让表哥说中了?”洪元夕喃喃自语。
竹露一边将洪元夕按回圆凳坐下,一边说,“小姐,这是大好事呀,那汪文远害我们如此惨,是死有余辜,他死了,就是少了个祸害。”
“竹露,”洪元夕吸气呼气,平复心情,眼里的震惊还未散去,似乎还有害怕,“这件事肯定不简单,你盯着些,有什么风吹草动,立刻告诉我。
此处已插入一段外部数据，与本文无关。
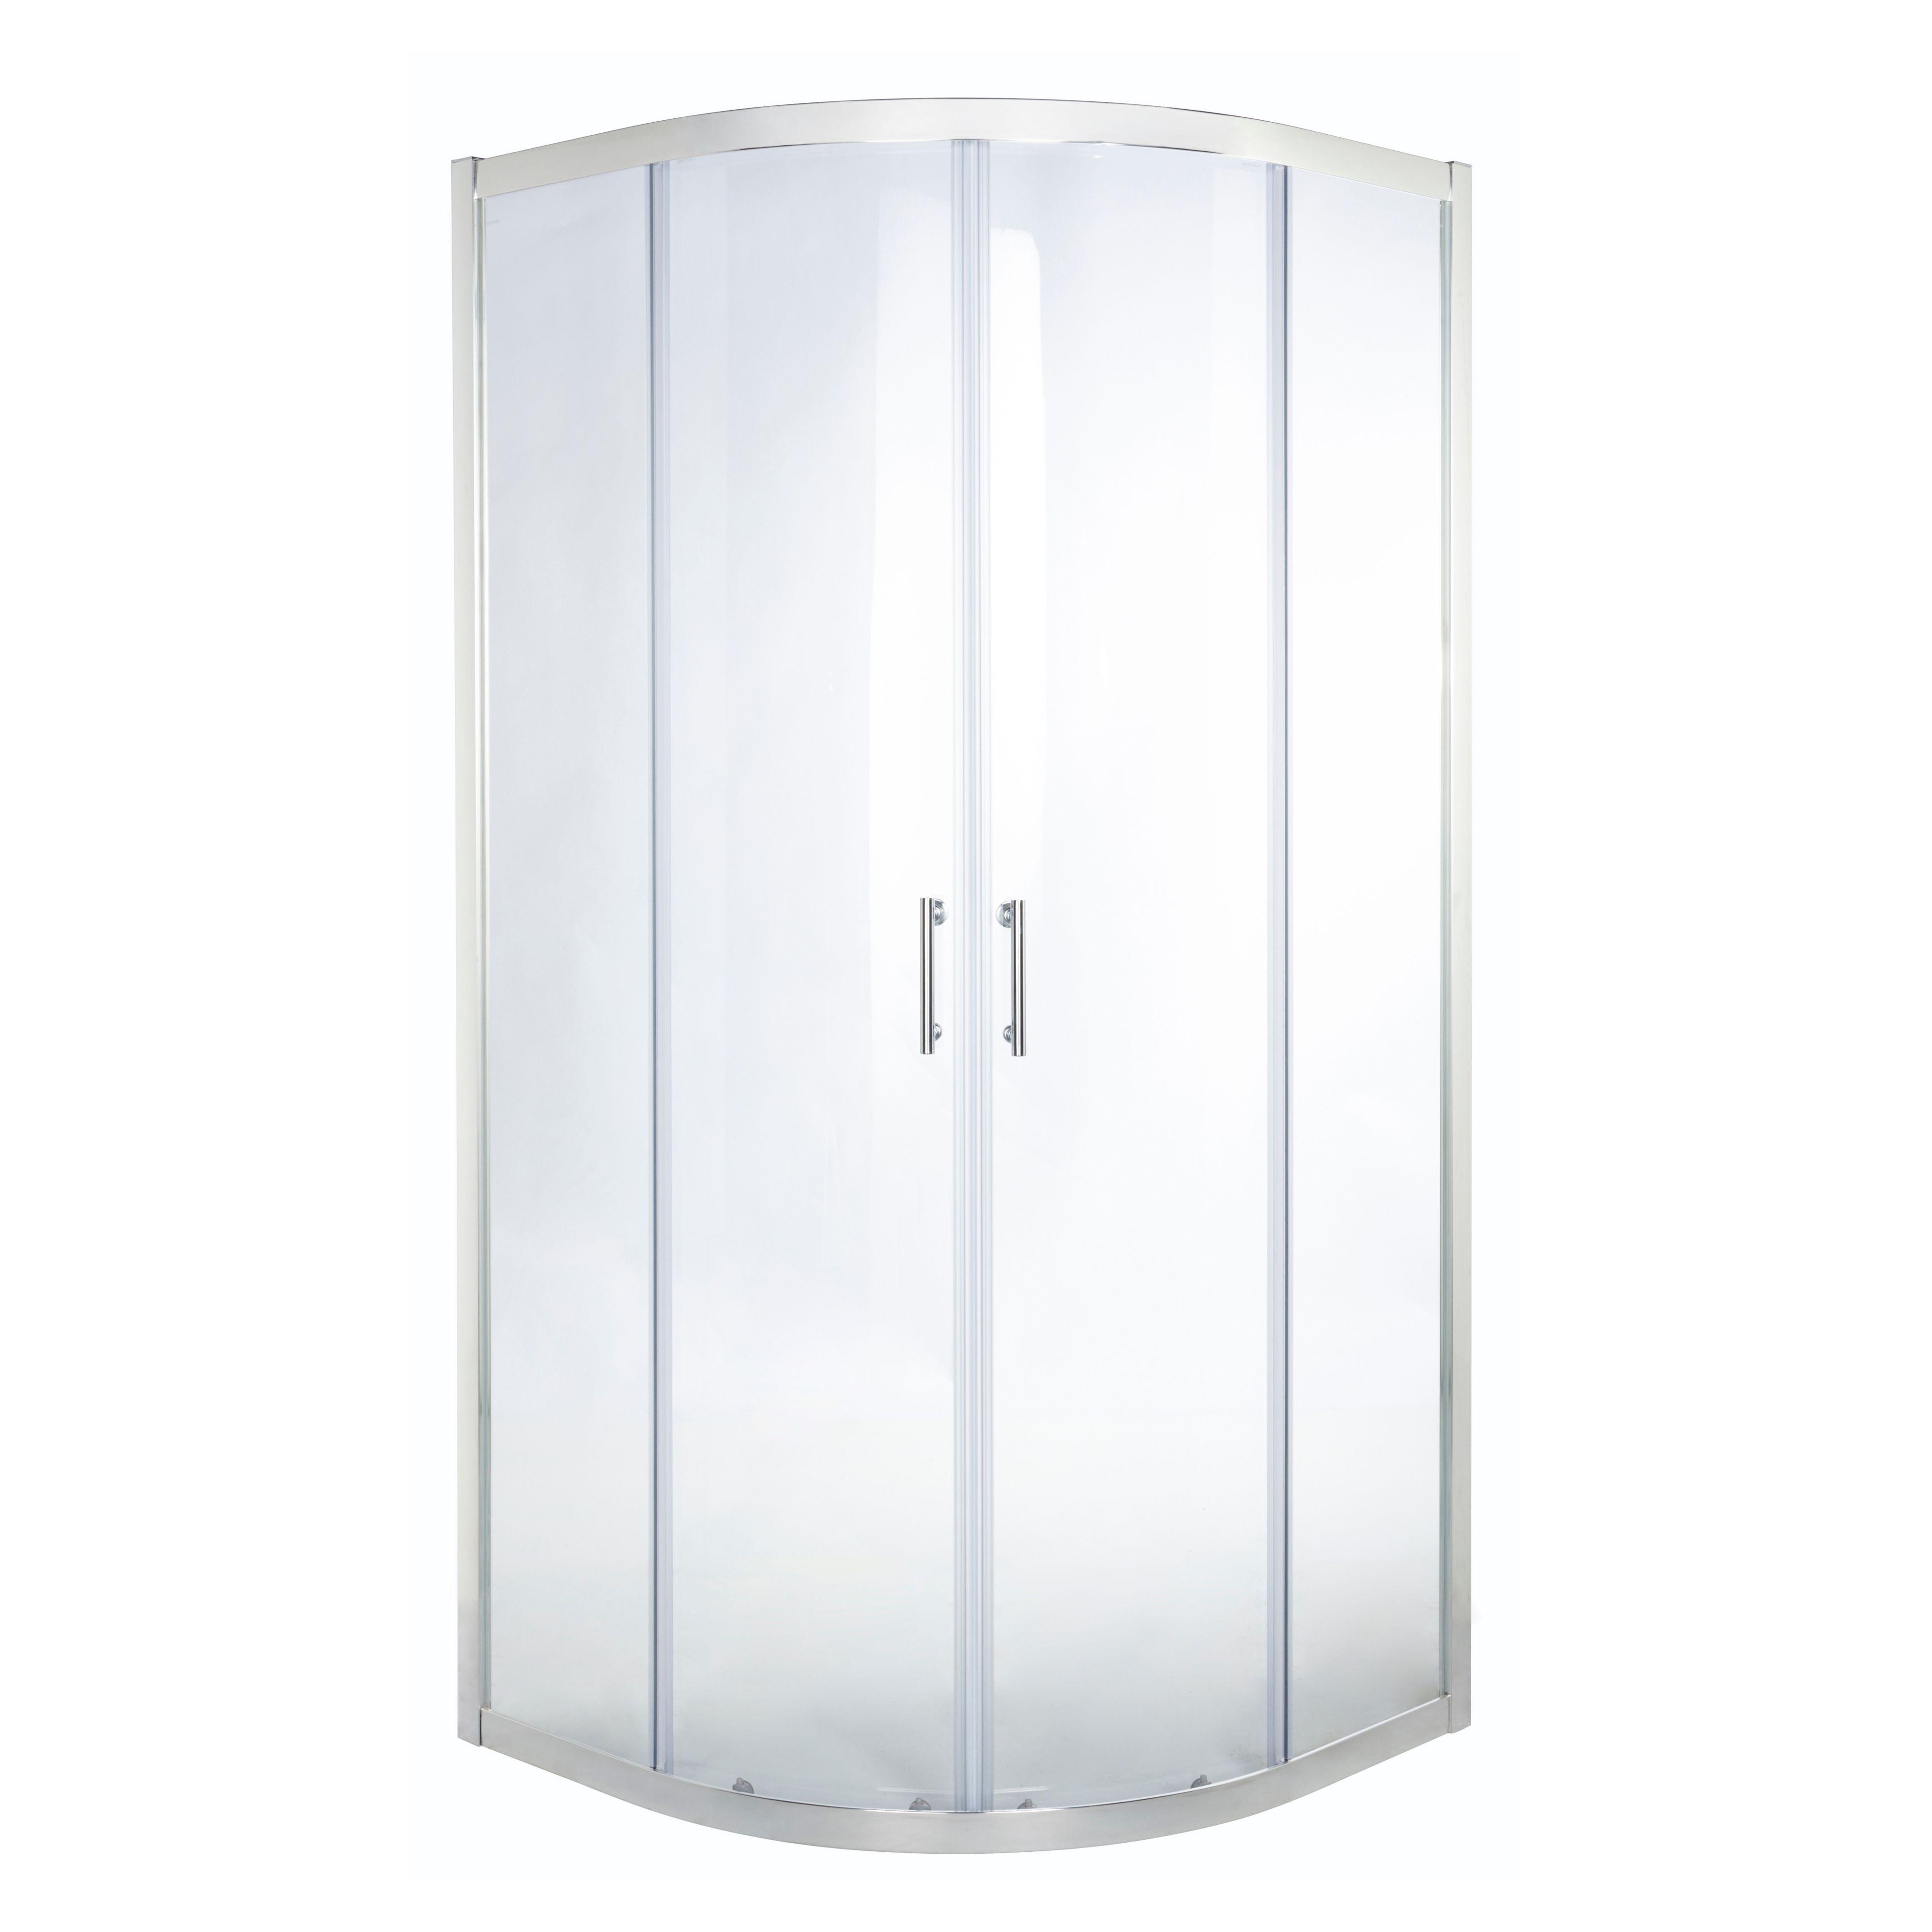 Cooke Lewis Onega Quadrant Shower Enclosure With Corner Entry

”
“好。”
“夕儿。”
帘子外头传起了父亲的声音。
“午睡可醒了?”
竹露机灵,一开门,就眼尖看到了杭州知府纪大人。
纪大人今日戴着展脚幞头,穿着绯色团花圆领纱袍,踏着青丝云履,腰间挂着精致的皮质革带,这是知府的官服。
神色肃穆,看起来就是一派正气凛然的模样。
竹露正容,屈膝行礼道:“见过纪大人。”
“我家小姐在里头尚未正衣冠,还请纪大人容许片刻。”
纪大人颔首。
洪老爹请纪大人移步正堂。
竹露有些心怕,“小,小姐,纪大人不会是为汪文远死的事来的吧?”
“怕什么,汪文远的死与我们无关。”
洪元夕面色平静地换衣裳,梳理头发,简单用簪子挽起头发,不施粉黛,便去正堂见纪大人。
纪大人一上来没有说汪文远死的事,只是问她昨日,哪个时辰在哪里,哪个时辰做了什么。
洪元夕面色从容,一一道来:“回纪大人,我昨日不曾出门,喝药吃饭,都有丫头婆子陪着。”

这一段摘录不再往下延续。